Waidsee

An einem Sonntag (11.07.2004), der laut Wetterbericht ein Sonntag „zum im Bett bleiben und Fenster geschlossen halten“ werden sollte, fuhren einige, durch nichts zu erschütternde Taucher zum Waidsee nach Weinheim. Schließlich ist ja Sommer. Das Wetter war wie vorhergesagt. Ständig tröpfelte es vom Himmel, die Sonne war immer nur einige Minuten zu sehen. Dafür hatten wir den See dann so ziemlich für uns.

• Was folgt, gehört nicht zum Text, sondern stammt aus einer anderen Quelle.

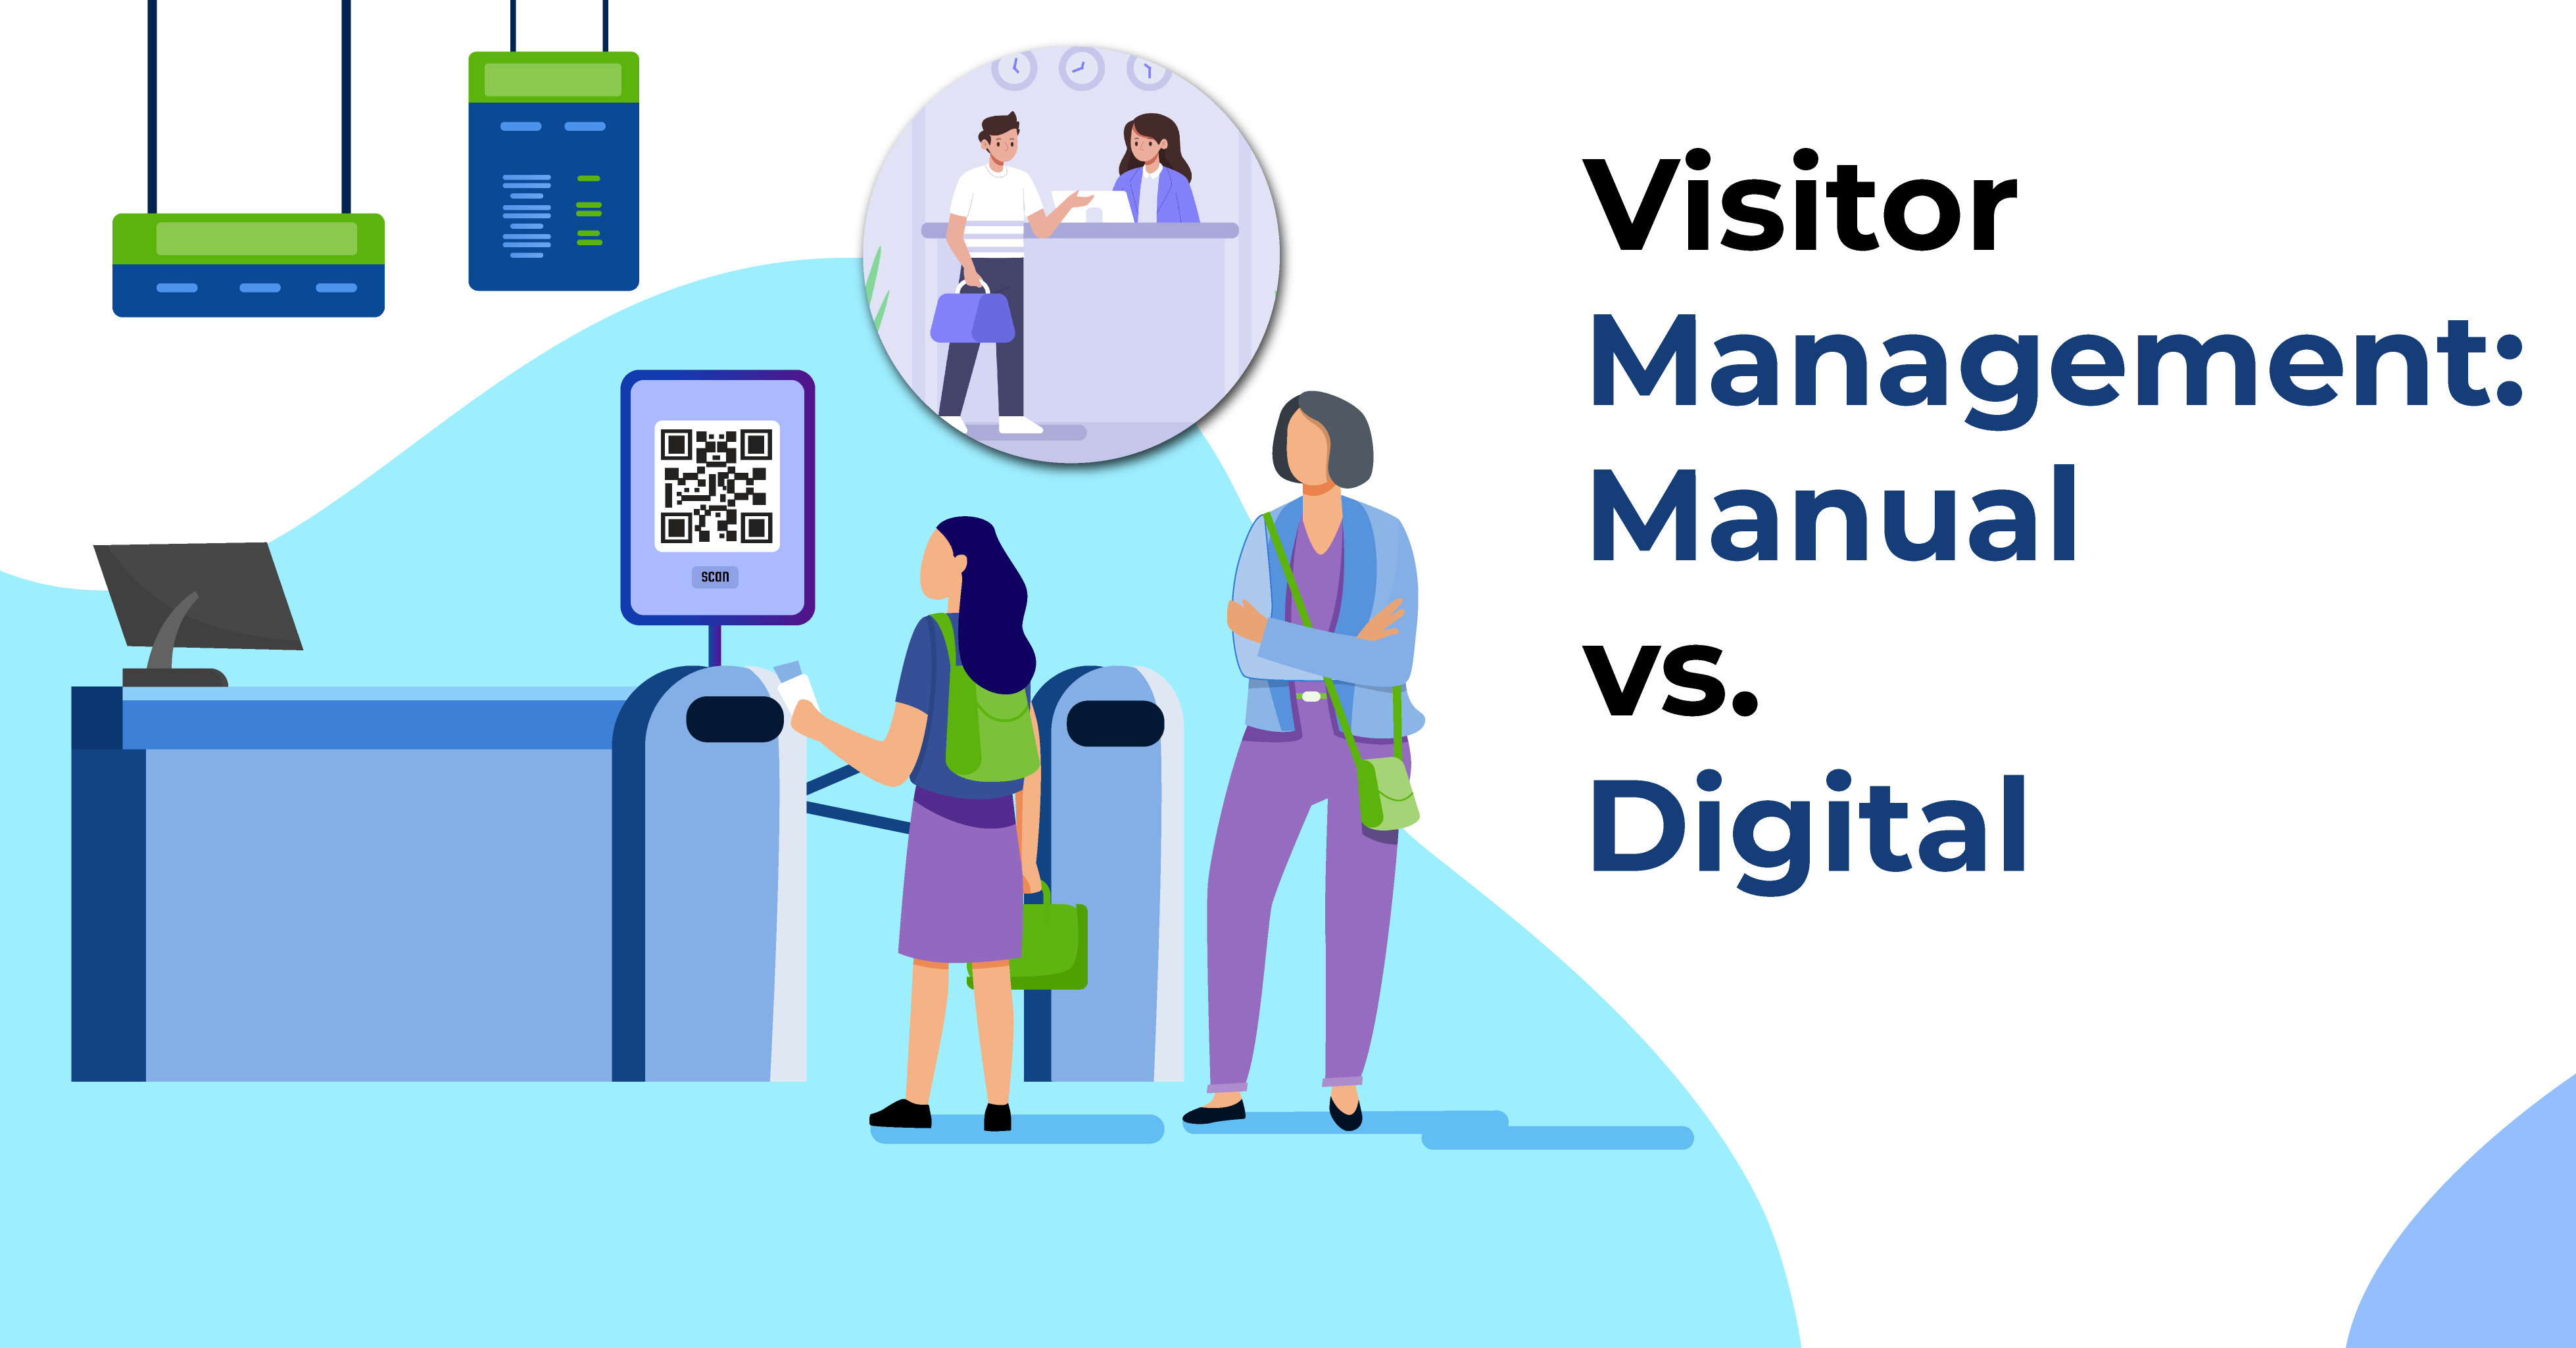 Visitor Management: Manual vs. Digital
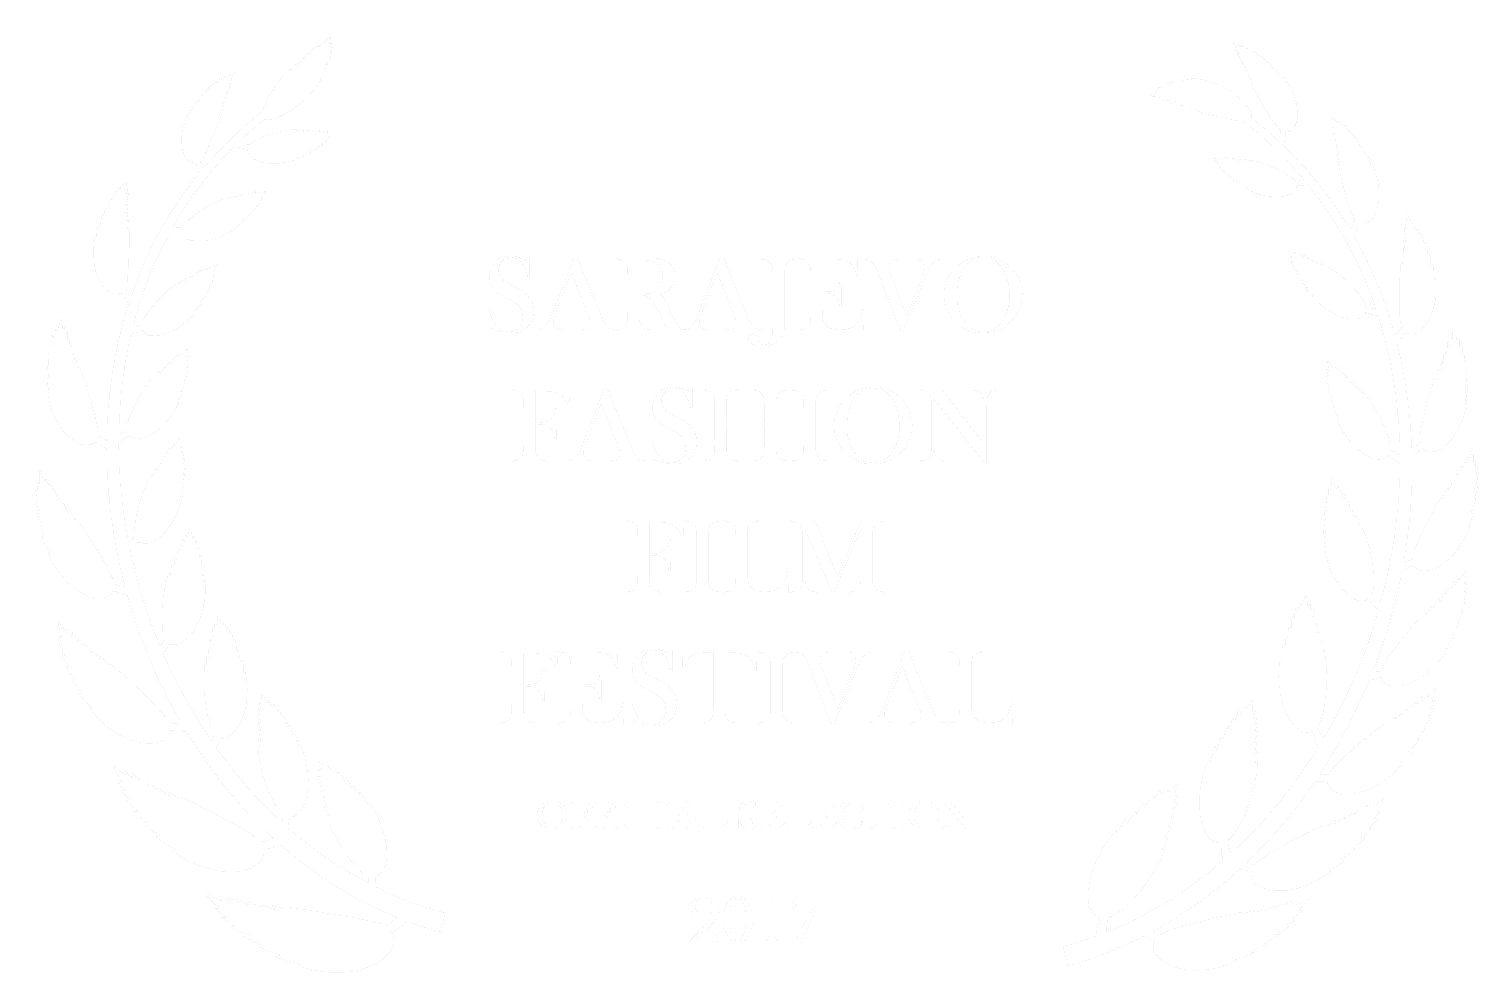 Sarajevo fashion film festival
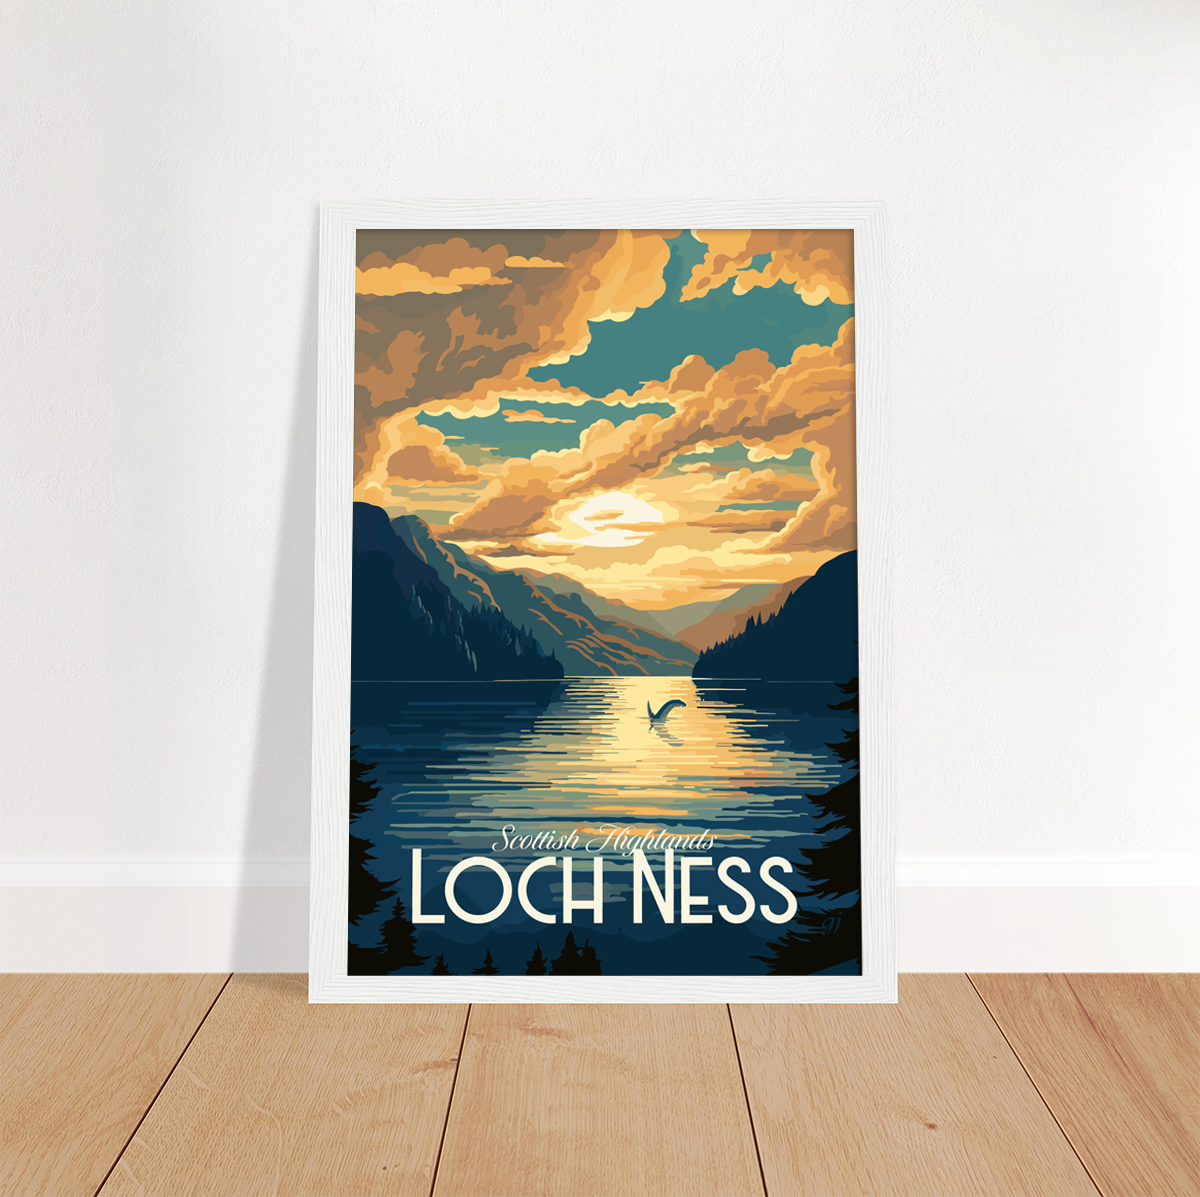 Loch Ness poster by bon voyage design

Den Waidsee müssen sich Schwimmer, Taucher und andere Wassersportler teilen. Es wird pro Tag nur eine bestimmte Anzahl Taucher eingelassen, man sollte also morgens möglichst früh kommen, um sich seinen Platz zu sichern. Telefonische Reservierungen sind nicht möglich. Das Bad öffnet um 9:00 Uhr. Der Bereich für Taucher liegt am, vom Eingang aus gesehen, entfernteren Teil des Schwimmbades. Das Bad stellt allerdings Transportkarren für die Ausrüstung zur Verfügung. Die Infrastruktur ist sehr gut. Toiletten, Duschen, Spinde für Wertsachen, Imbiss, alles da.
Die tiefste Stelle des Sees liegt bei ca. 20 m. Wer tiefer tauchen möchte, sollte allerdings auf ausreichenden Wärmeschutz achten. Durch eine kalte Strömung gibt es eine brutale Sprungschicht auf ca. 6 m. Darüber ca. 20° C, darunter ca. 8 °C.
Man findet im See eine Übungsplattform, gekennzeichnet durch eine weiße Boje. Von der Übungsplattform führt ein Seil zu zwei versenkten Tanks. Die Oberkante der Tanks liegt auf ca. 10 m.
An Fischen findet man große Karpfen, Hechte, Barsche und (kein Fisch) Flußkrebse.
Die Sicht betrug ca. 2 – 3 m. An Tagen, an denen viele Taucher bzw. Tauchschulen am See sind, kann die Sicht aber auch deutlich schlechter sein.